Your Personal Story
Each of my projects is different just as every family is different, so I know this one will be too.
It’s a mild May afternoon when my taxi drops me off out front of the Art Deco building at 616 Park Avenue. In the limestone lobby with four columns and a high ceiling, a building security guard points the way to the elevator I’m to use. Soon I’m on my way up to the co-op of Elizabeth Wilson, an heir to the fortune amassed from one of the country’s largest financial services companies. It's my understanding she doesn't yet know I'm here to see her. I'm a surprise present given by her son Thomas for her seventy-fifth birthday, an occasion that took place five days ago.
Before I go on, I should introduce myself. My name is Patricia Wells. I'm forty-three years old. My business is writing family histories. My clients are successful, well-to-do people. Some are in the news so often I'm sure you've heard of them. Others are content with who they are without a lot of publicity. They live all over. In New York and Virginia. Silicon Valley and Dallas. Boston and Miami. I spend time in their magnificent homes asking questions and recording their stories that I transcribe and shape into a book of a few hundred pages. After many hours going over it, follow up questions answered and editorial matters taken care of, relevant photos incorporated, I give it a title. Then I have two copies printed on the finest acid free paper and bound in premium grade leather.

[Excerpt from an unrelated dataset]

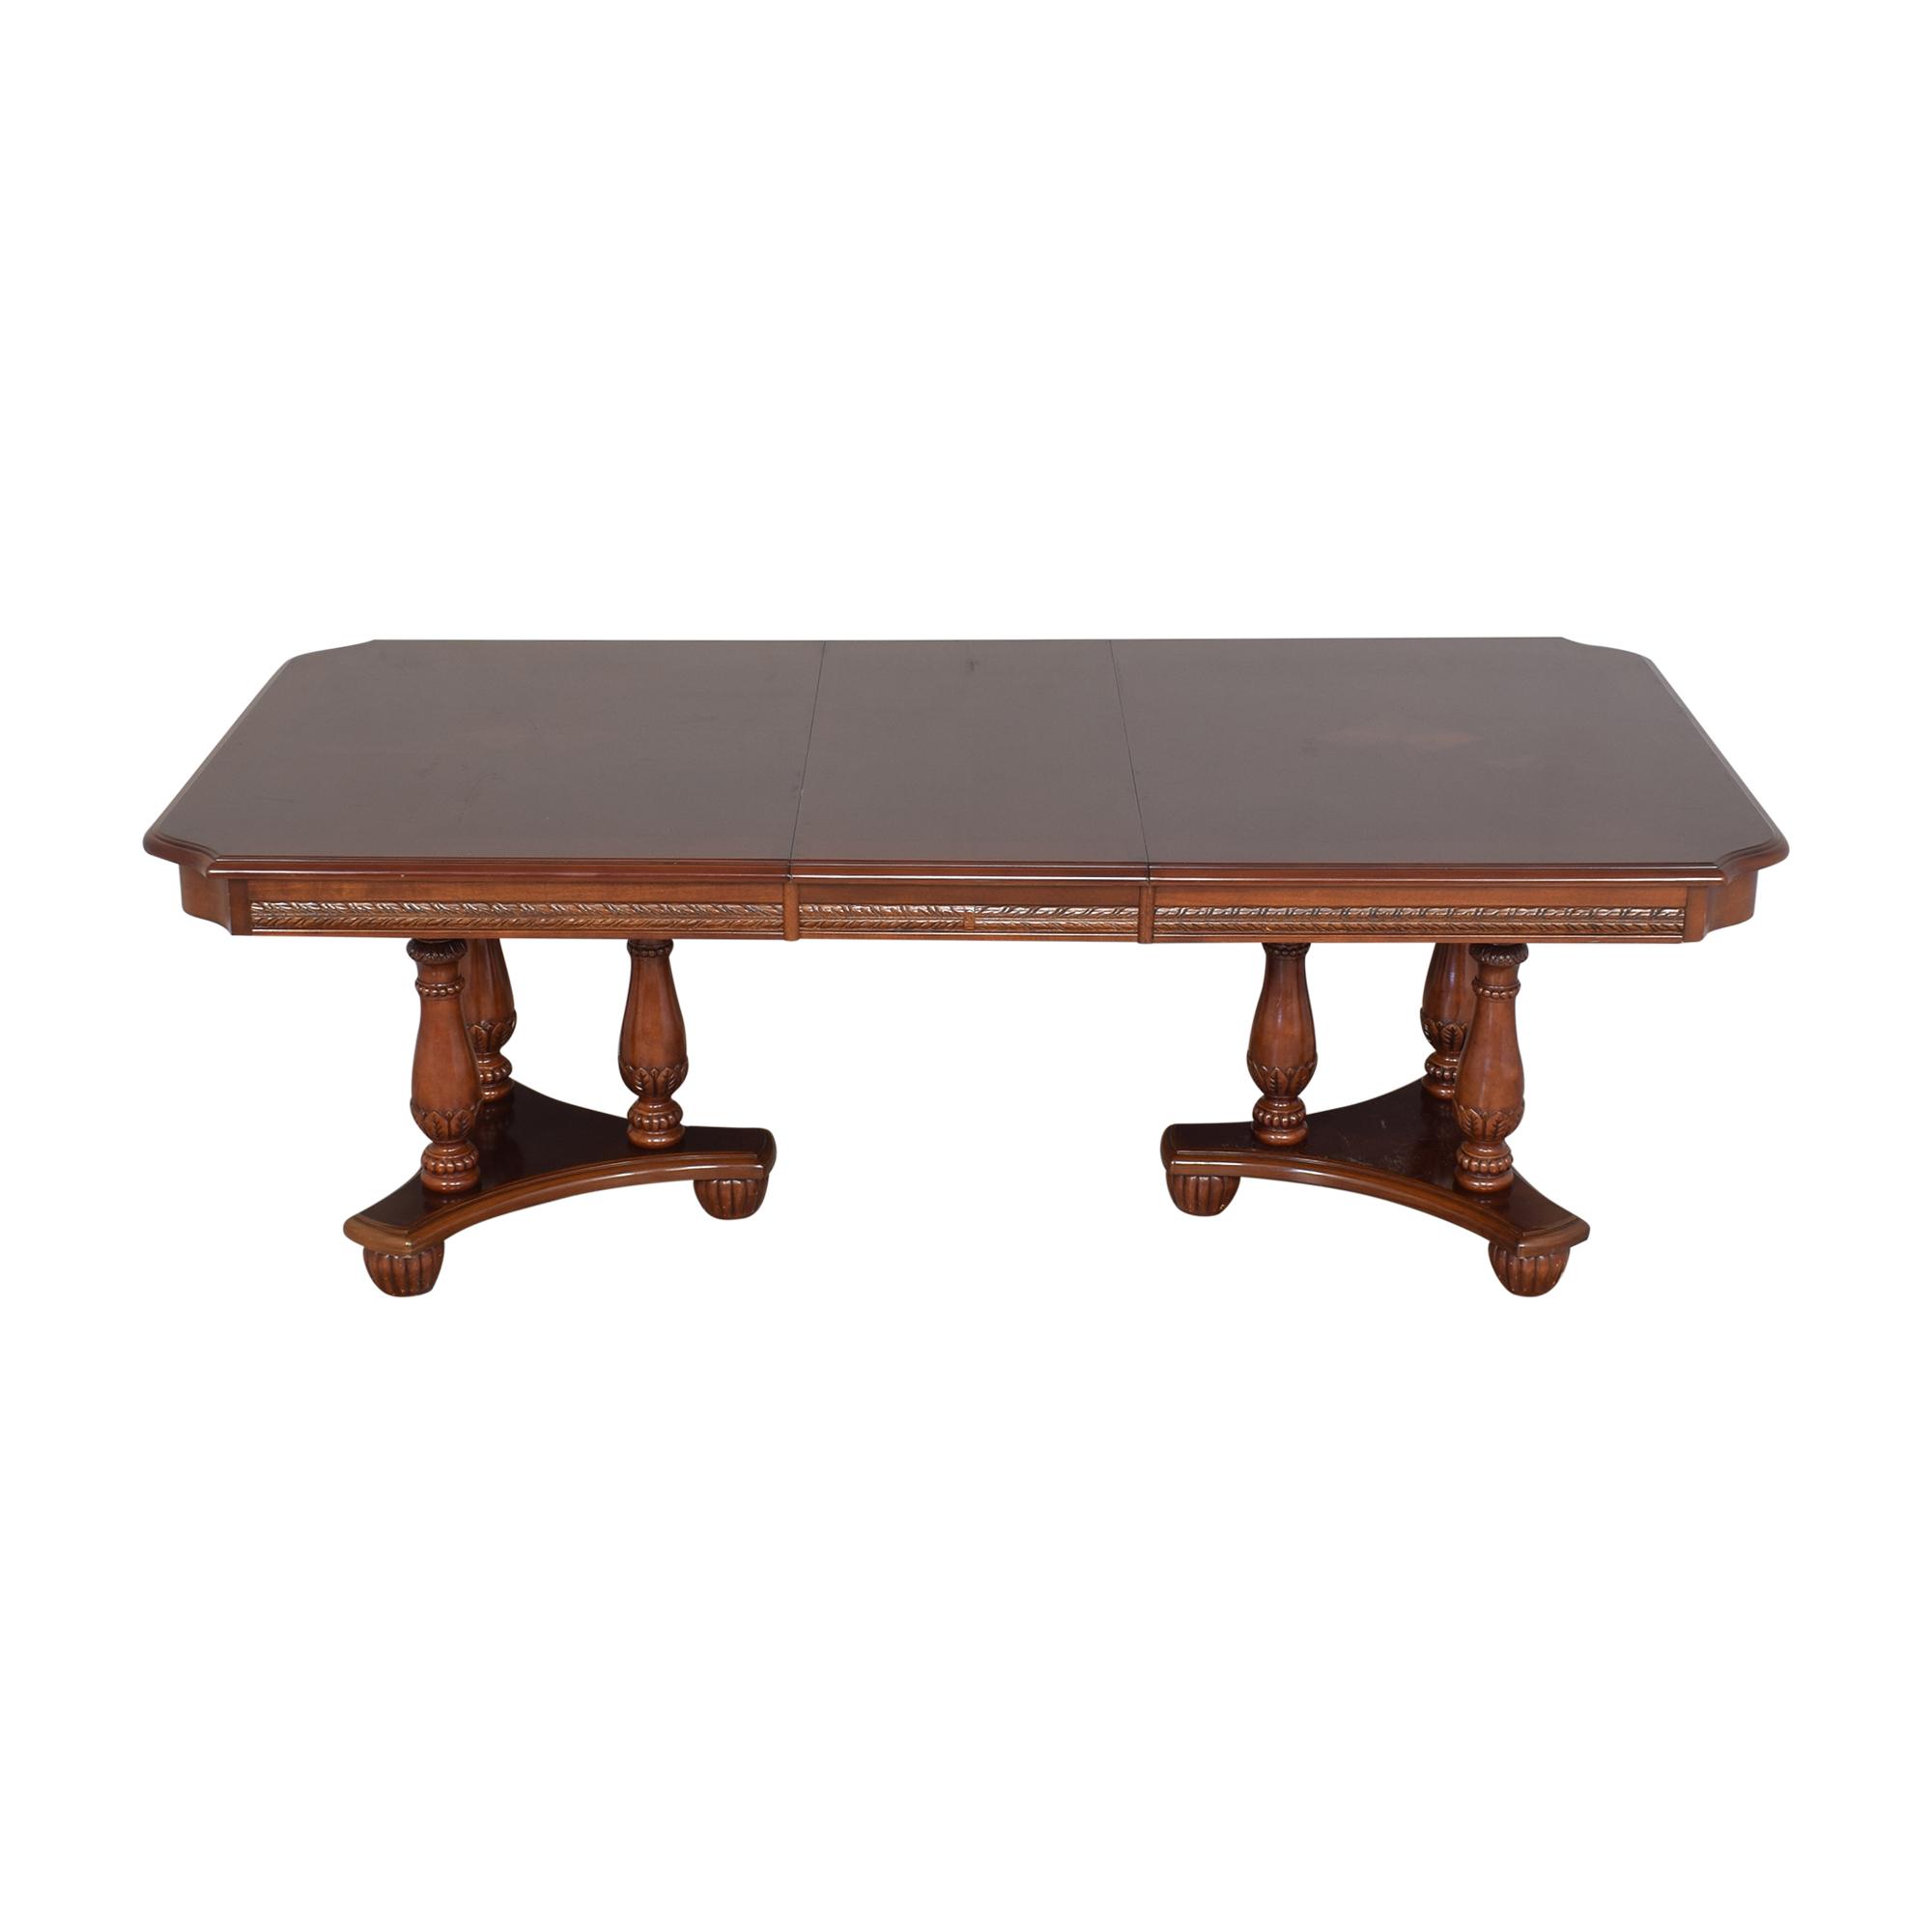 buy North Carolina Furniture Extendable Dining Table North Carolina Furniture Company Dinner Tables

The process from our first meeting to delivery takes several months. My base fee is forty thousand dollars. Extra time and expenses incurred for out-of-town meetings are added on to that. If my clients want more copies, they pay for those too. But they’re worth it, they and I both know. My products are heirlooms intended to be passed on in the way a painting by Georgia O'Keeffe will be with a family a good long time.
On the eighteenth floor I'm met at the door by an attractive woman wearing black slacks and a white blouse. She's near my age, crisp and polite. Her name is Deborah. She shakes my hand with a firm, confident grip.
“I’m Ms. Wilson's personal assistant,” she tells me.
She of course knows who I am and my purpose. Ms. Wilson's been told what I'm here for. I’m no longer a surprise, she mentions as we walk down a rose-colored hallway with stark, black-and-white photos of western landscapes on the walls. At the end of that we enter an exquisite room filled with bright, natural light, a mix of contemporary and vintage furniture, works by notable artists, a giant fireplace.
Deborah offers me a chair next to a polished table with a lamp on it. Before sitting I reach into my bag and take out an envelope with a copy of the contract she emailed to me two days ago, that includes a nondisclosure agreement.
“It’s all signed,” I say, and hand it to her.
"Would you like coffee or tea, or some water perhaps?" she asks.
"Water will be fine, thank you," I say.
"Ms. Wilson will be with you soon," she says. She goes across the room and through a door.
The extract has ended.